In our demonstration, we use single nitrogen-vacancy (NV) centers in nanodiamonds dispersed on a coverslip glass substrate as single photon emitters. These emitters typically yield between 104 and 105 counts per second on each of the single-photon detectors in the HBT setup (when in focus) and exhibit fluorescence lifetimes between 10 and 100 ns. During the scan, when the emitters are partially out of focus, the fluorescence counts drop significantly. Consequently, in order to assess \({g}^{\left(2\right)}(0)\) via Levenberg-Marquardt (L-M) fitting with an uncertainty varying between ±0.01 to ±0.05, autocorrelation histogram acquisition times of 1 min are required per pixel. In the pulsed excitation regime, the fitting is not required to retrieve \({g}^{\left(2\right)}(0)\) as long as the pump repetition period is much longer than the emitter’s fluorescence lifetime. However, this requirement becomes somewhat impractical when the emitter lifetime is long as in the case of NV centers. The developed ML approach addresses the aforementioned problem by rapidly estimating the \({g}^{\left(2\right)}\left(x,y,0\right)\) values based on sparse HBT measurement. The main framework of the developed approach is shown in Fig. 1c. A CNN regression network is trained on a set of “sparse” autocorrelation data with short acquisition times (see the Methods section). Once trained, the CNN network estimates the \({g}^{\left(2\right)}(0)\) values, requiring an acquisition time of less than 10 s.

Machine learning assisted autocorrelation function measurement

The main building block of our ML assisted antibunching SRM technique is the CNN based regression model, used for retrieving \({g}^{(2)}(0)\) values. In this section, we highlight the structure of the CNN, its training and testing, as well as compare its performance against conventional L-M fitting. The training dataset for sparse second-order autocorrelation histograms consists of measurements performed on a set of 40 randomly dispersed nanodiamonds with NV centers on a coverslip glass substrate. Figure 2a shows the schematics of the HBT setup used for these measurements. Two avalanche detectors (D1, D2) with 30 ps jitter are connected to a pulse correlator with a 4 ps internal jitter. The co-detection events are recorded over a range of 500 ns and collected into 215 equally sized time bins.

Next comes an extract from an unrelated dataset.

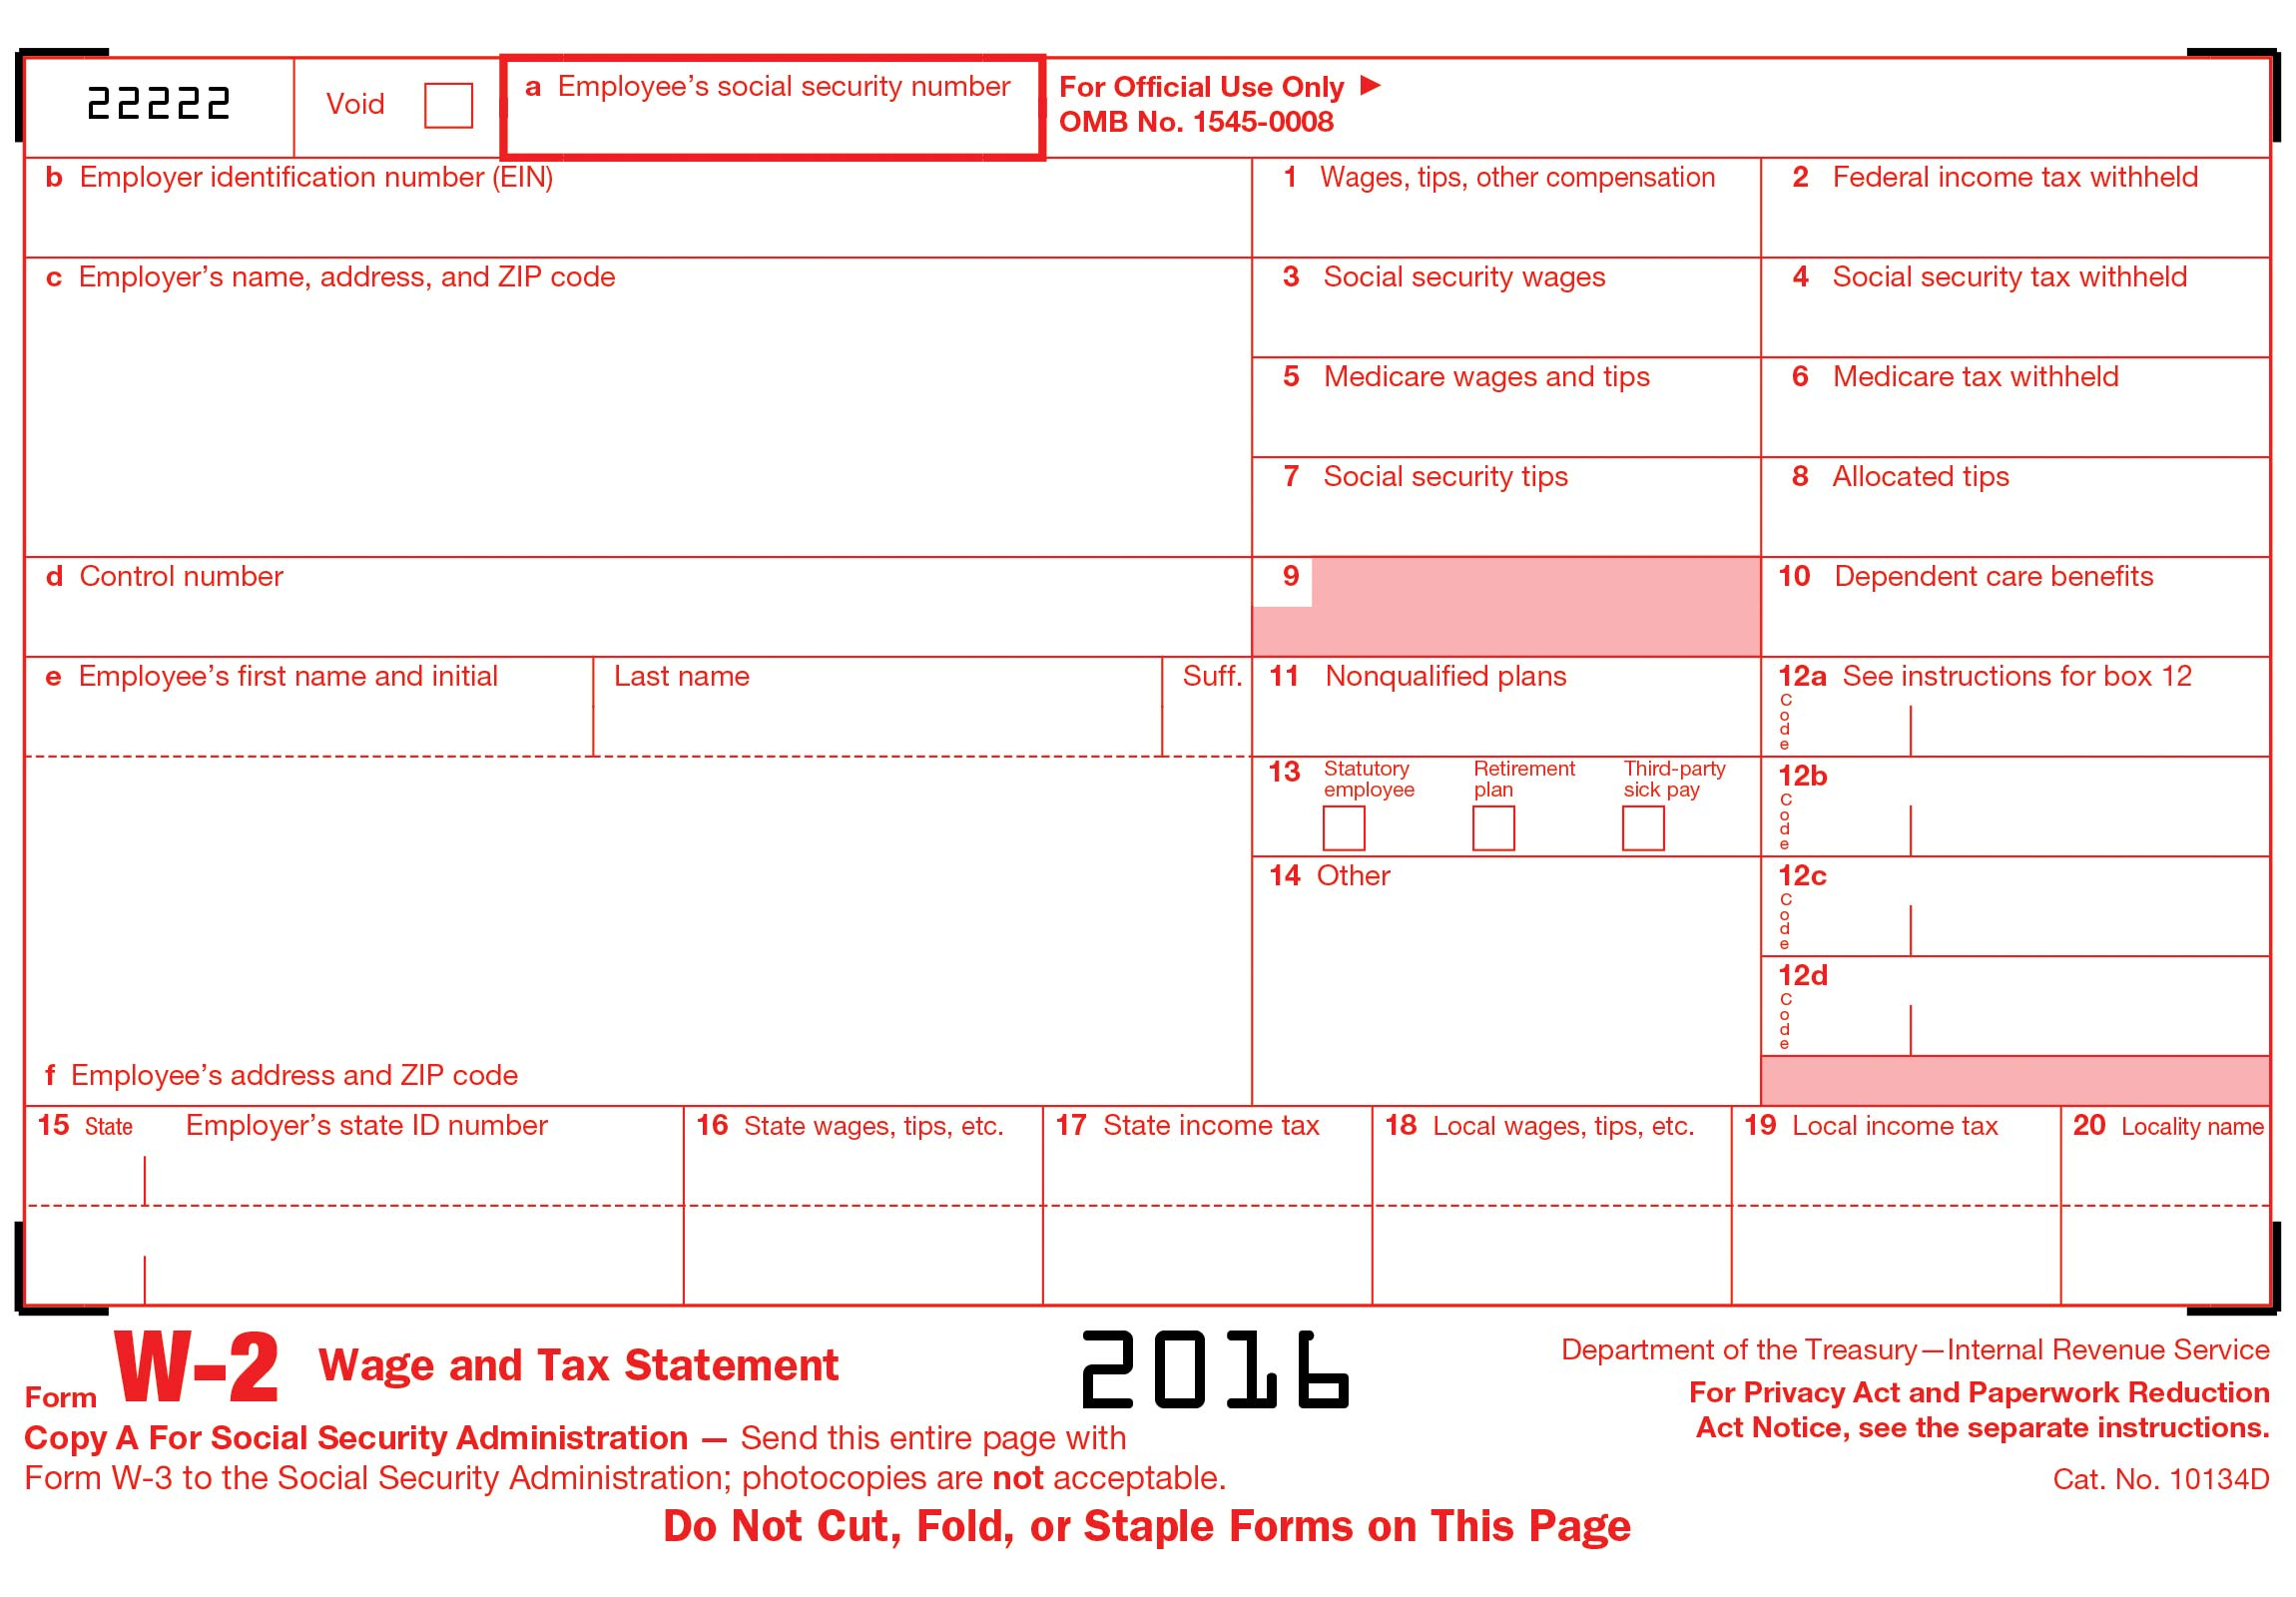 W2 Form 2016 Template | W2 Form Generator Online - Stubcheck within W2 Tax Form 2016

For each of the 40 emitters, hundreds of sparse autocorrelation histograms with 1 s acquisition time are collected, until the total number of co-detection events in their sum allows a precise ground truth (\({g}^{(2)}(0)\)) estimation via L-M fitting with fitting uncertainty varying between ±0.01 to ±0.05. The estimated ground truth value is then assigned as a label to the entire set of 1 s histograms. We then formed all the possible combinations of 1 to 10 of these 1 s histograms to obtain training data that emulated histograms with acquisition times from 1 s to 10 s. Such a data augmentation process assumed that the emission is a process with no memory over times exceeding 1 s and allowed us to significantly extend the training dataset. More information on the training dataset collection process and augmentation is described in the Methods section. Additional details on the CNN structure and training can be found in Supplementary Section 1, Table S1 and Figure S1.

Fig. 2: Machine learning assisted measurement of g(2)(0).
figure 2

a Schematics of the HBT interferometer. Labels: DM dichroic mirror, LPF long-pass filter, BS beam splitter, D1/D2 detectors. b Schematics of the CNN regression network. The input layer takes in sparse HBT histograms. The total number of events, Nevents, of the histogram is concatenated to the output of the feature learning part and used as a regularization term. c, d Regression plot (predicted vs expected \({g}^{\left(2\right)}\left(0\right)\) values) for L-M fitting (c) and CNN regression of \({g}^{\left(2\right)}\left(0\right)\) (d) from 5s datasets. Dots show the average predicted \({g}^{\left(2\right)}\left(0\right)\) value, while error bars show the standard deviation of the predicted value over all the 5s datasets acquired for a given emitter.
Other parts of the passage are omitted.